The main fuel to speed the world’s progress is our stock of knowledge, and the brake is our lack of imagination.

      All we have to do is figure out how to once and for all convince the public that the environmentalists and anti-technology cave dwellers have been blowing smoke for their own selfish goals. Their goal is power, their goal is the elimination of freedom, their goal is the elimination of God. Their deification of Gaia is nothing but a facade to hypnotize those who operate on emotion and not their God-given intellect. The “environmental” movement is a convenient vehicle for all of them to obtain their goals. When all these so-called environmentalists’ messages are directed at heads filled with mush, and principle-less politicians, the Constitution, freedom, and humanity come up the losers.

      If we could deafen their siren song, if we could elect representatives not in their thrall, we would be in a position to tell the Saudis to take their oil and see what good it does them when there is no market for it. How to bell that cat seems to be beyond us. With our political system increasingly driven by the power of special interest groups with money and headlines, with the intellectual drawbridges raised in the government school system, ’tis the proverbial uphill battle.
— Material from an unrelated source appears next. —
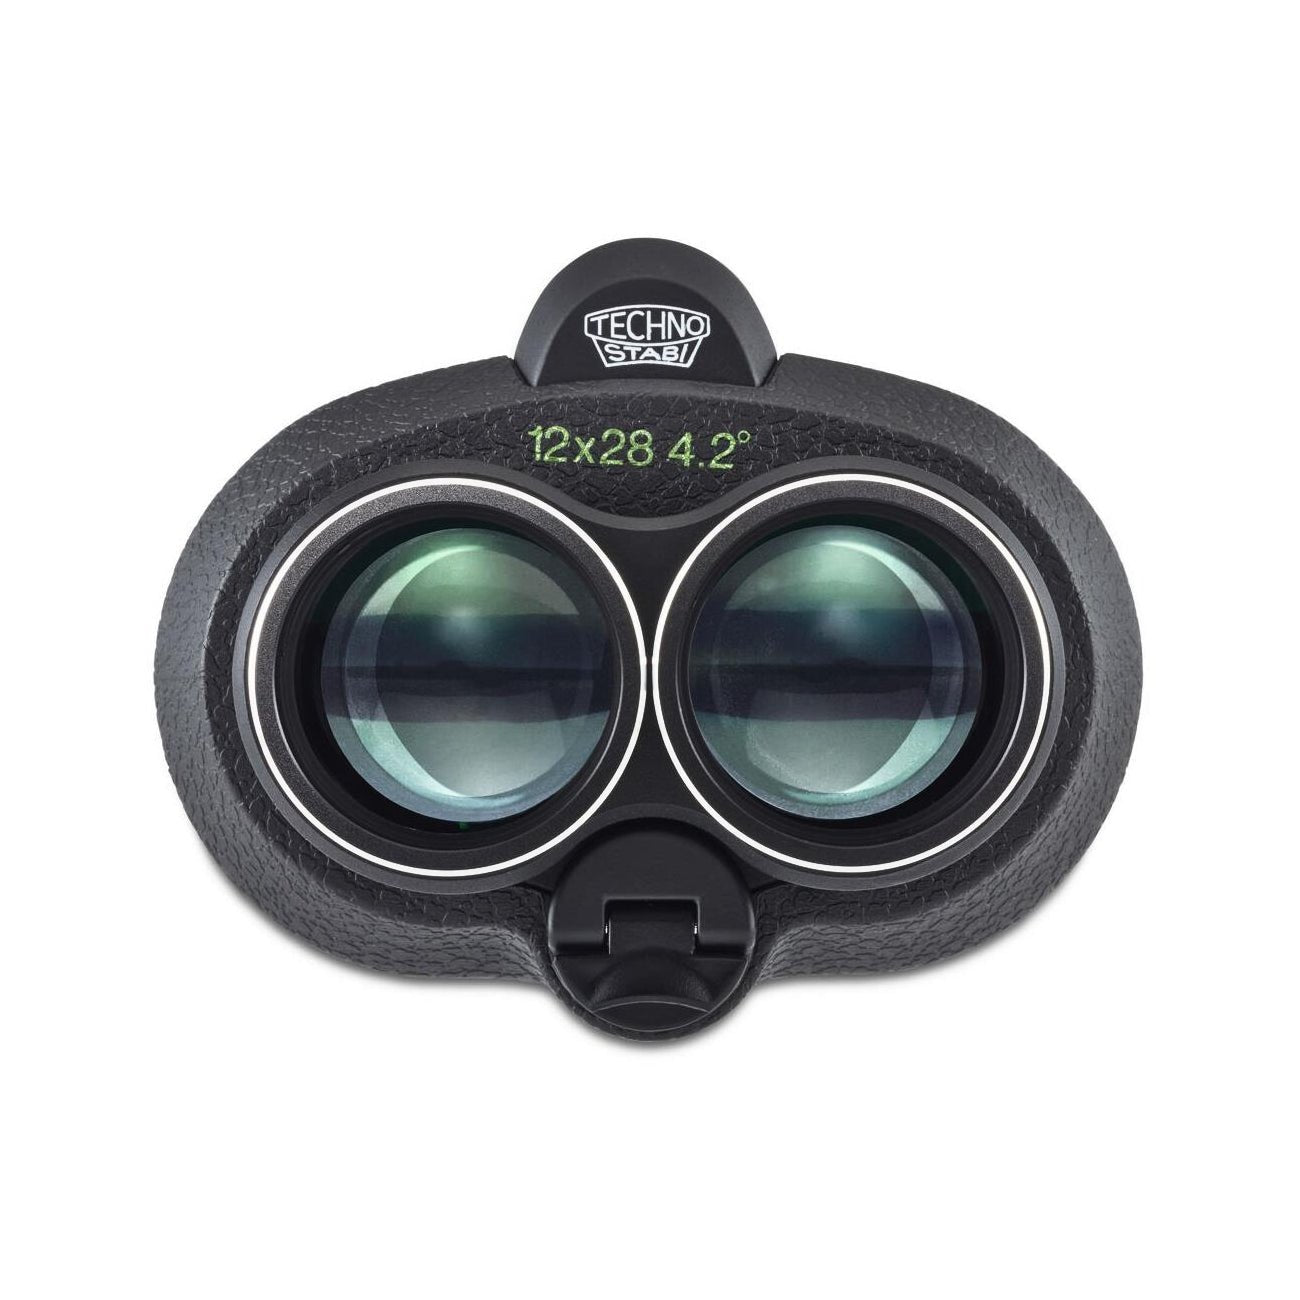 Fujinon Techno-Stabi Waterproof Image-Stabilized Binoculars
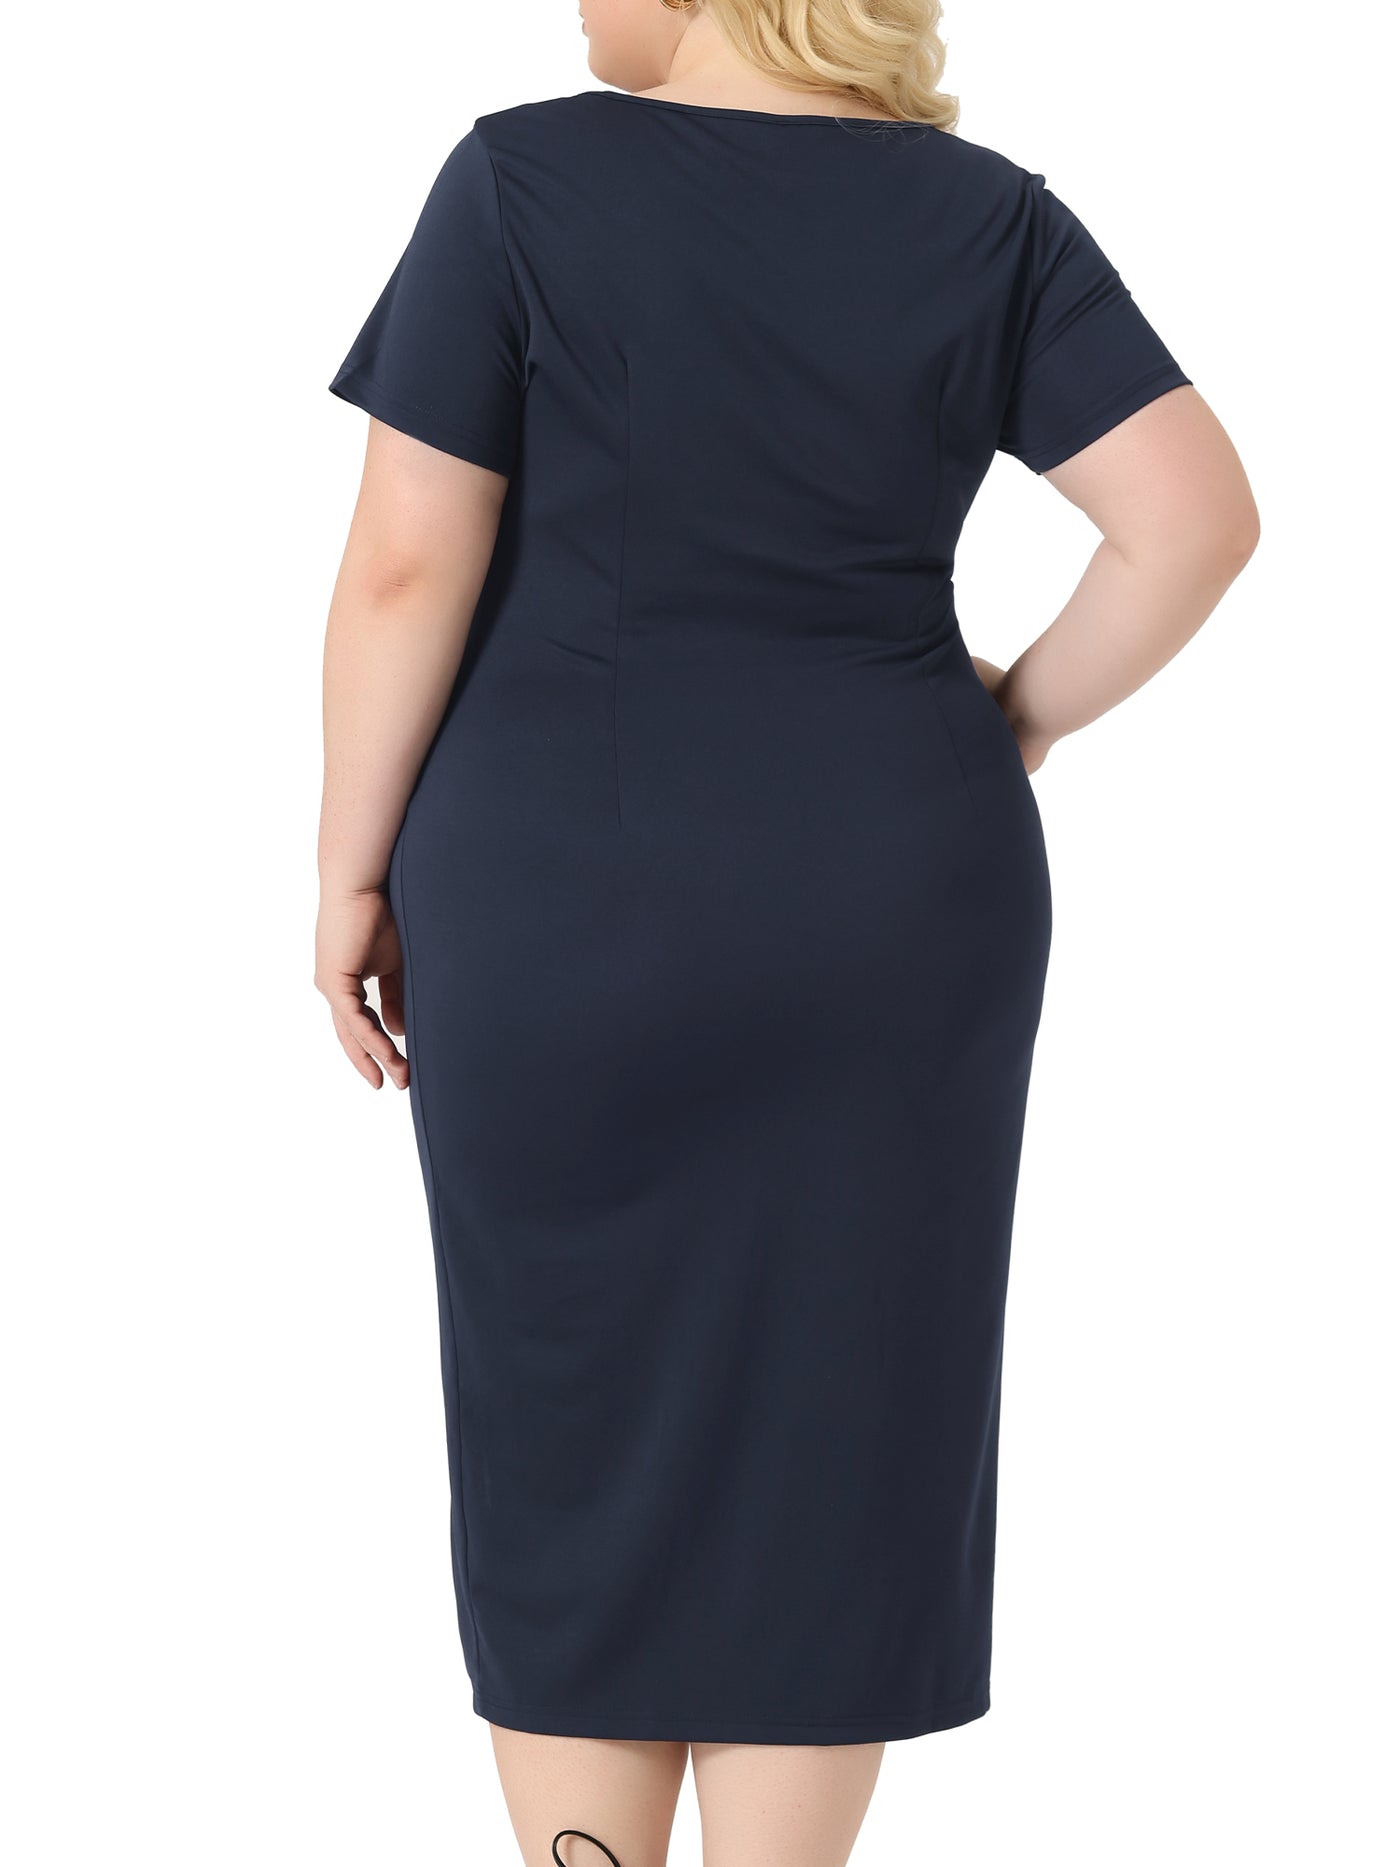 Bublédon Plus Size Dress for Women Round Neck Knot Front Short Sleeve Side Split Dresses

*   On August 26, 1949, the USS Cochino (SS345) was lost off Norway as a result of a series of hydrogen explosions. Seven people died, all during the rescue attempt in the gale-tossed seas: a civilian tech rep riding the Cochino and six crew members of the rescuing boat, USS Tusk (SS426). On February 21, 1955, the USS Pomodon (SS486) was charging batteries alongside in San Francisco Naval Shipyard. A hydrogen explosion in the forward battery killed five crewmen.